[EXERCISE DATA]
+--
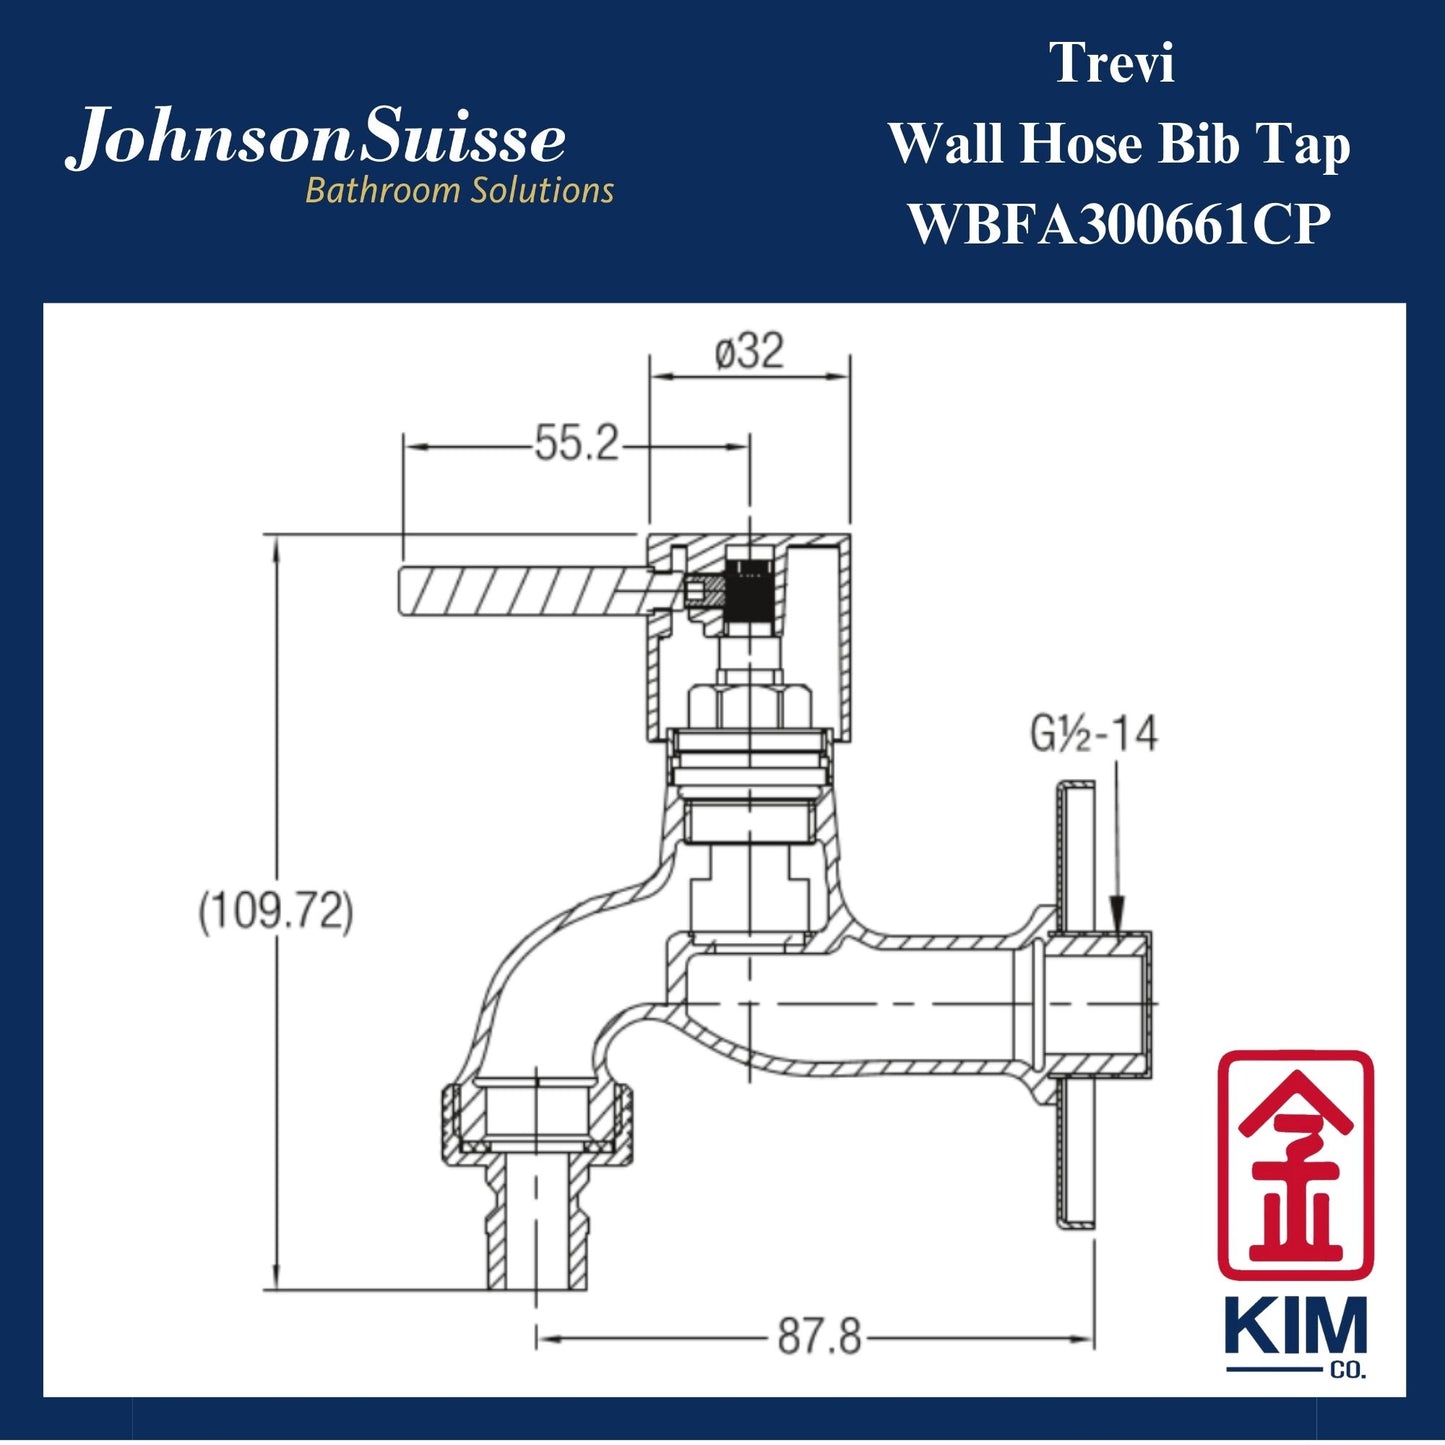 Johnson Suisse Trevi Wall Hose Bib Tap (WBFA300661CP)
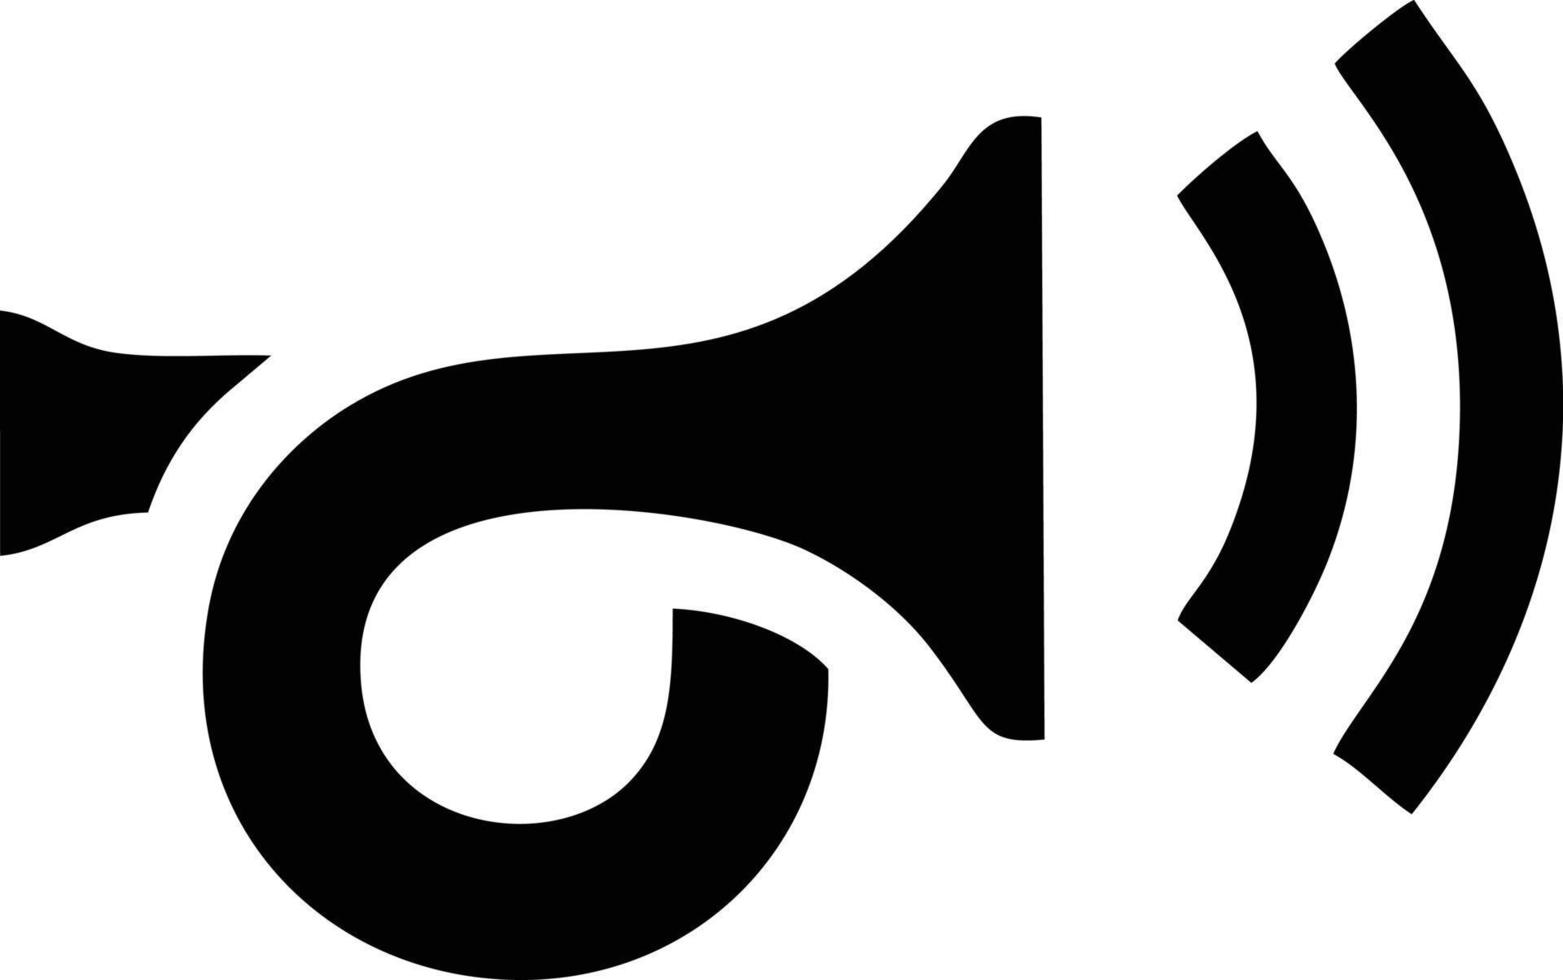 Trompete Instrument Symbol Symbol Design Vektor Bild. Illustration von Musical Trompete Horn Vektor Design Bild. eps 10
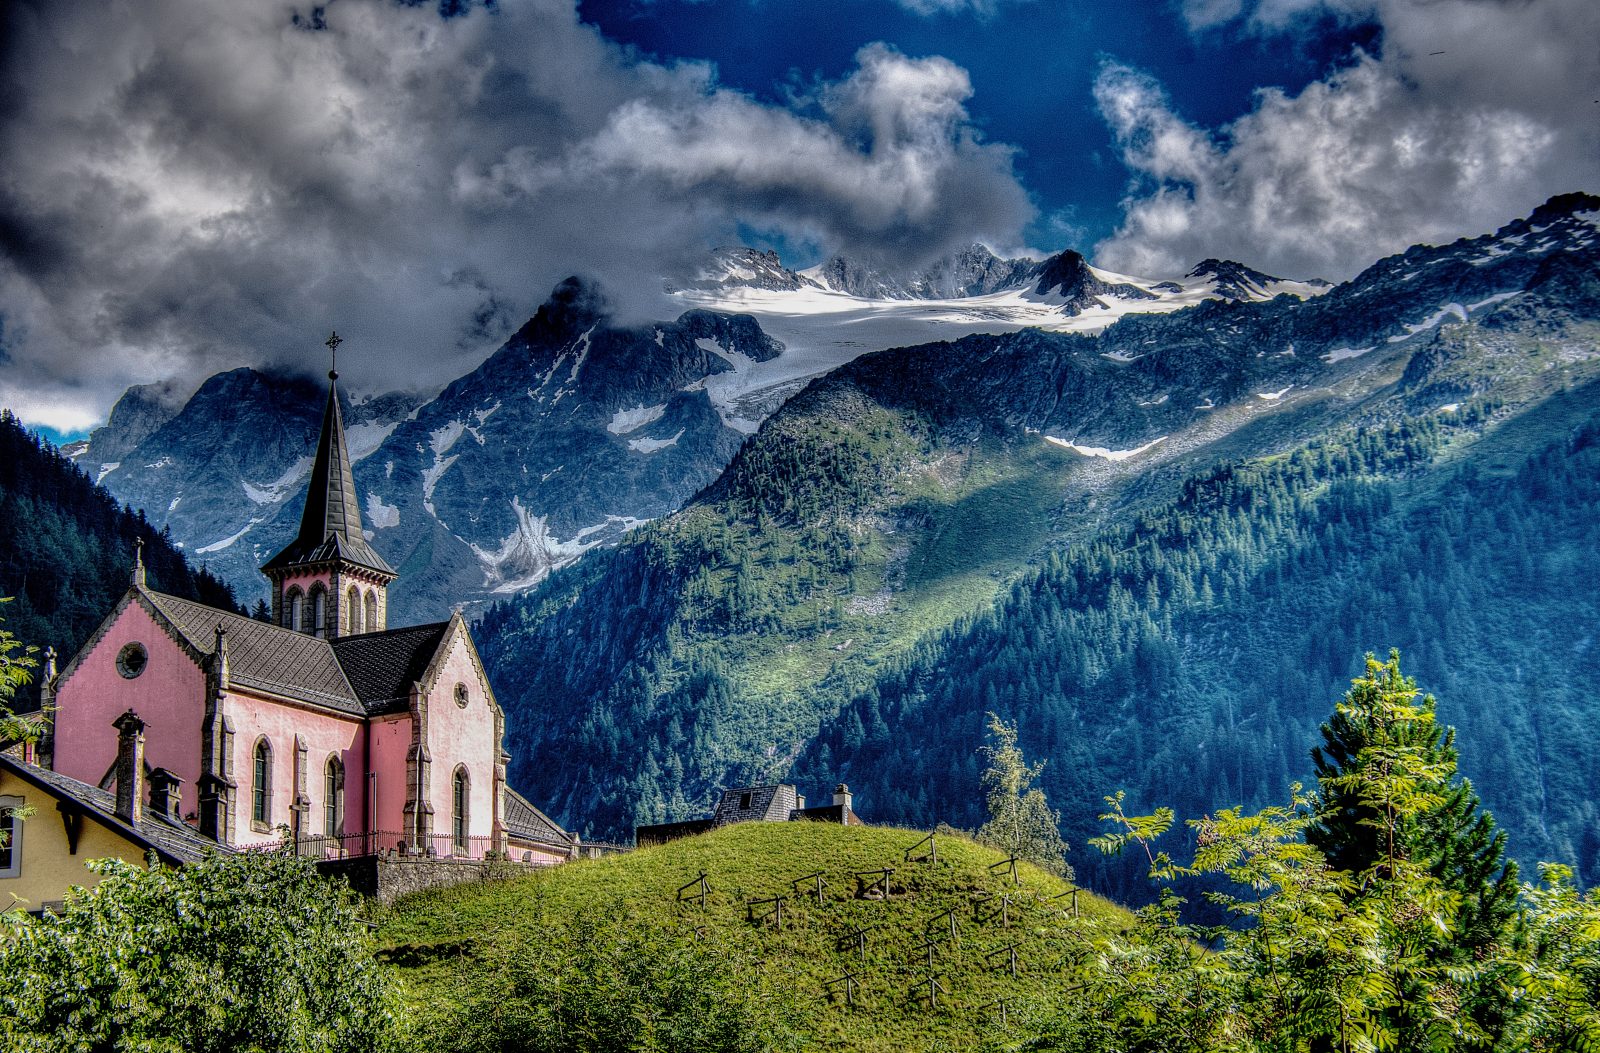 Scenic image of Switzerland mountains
+--
[THE PROBLEM]
Please retype the data exactly. The pictures do not go in.

[EXPECTED ANSWER]
 Johnson Suisse Trevi Wall Hose Bib Tap (WBFA300661CP)
 Trompete Instrument Symbol Symbol Design Vektor Bild. Illustration von Musical Trompete Horn Vektor Design Bild. eps 10
 Scenic image of Switzerland mountains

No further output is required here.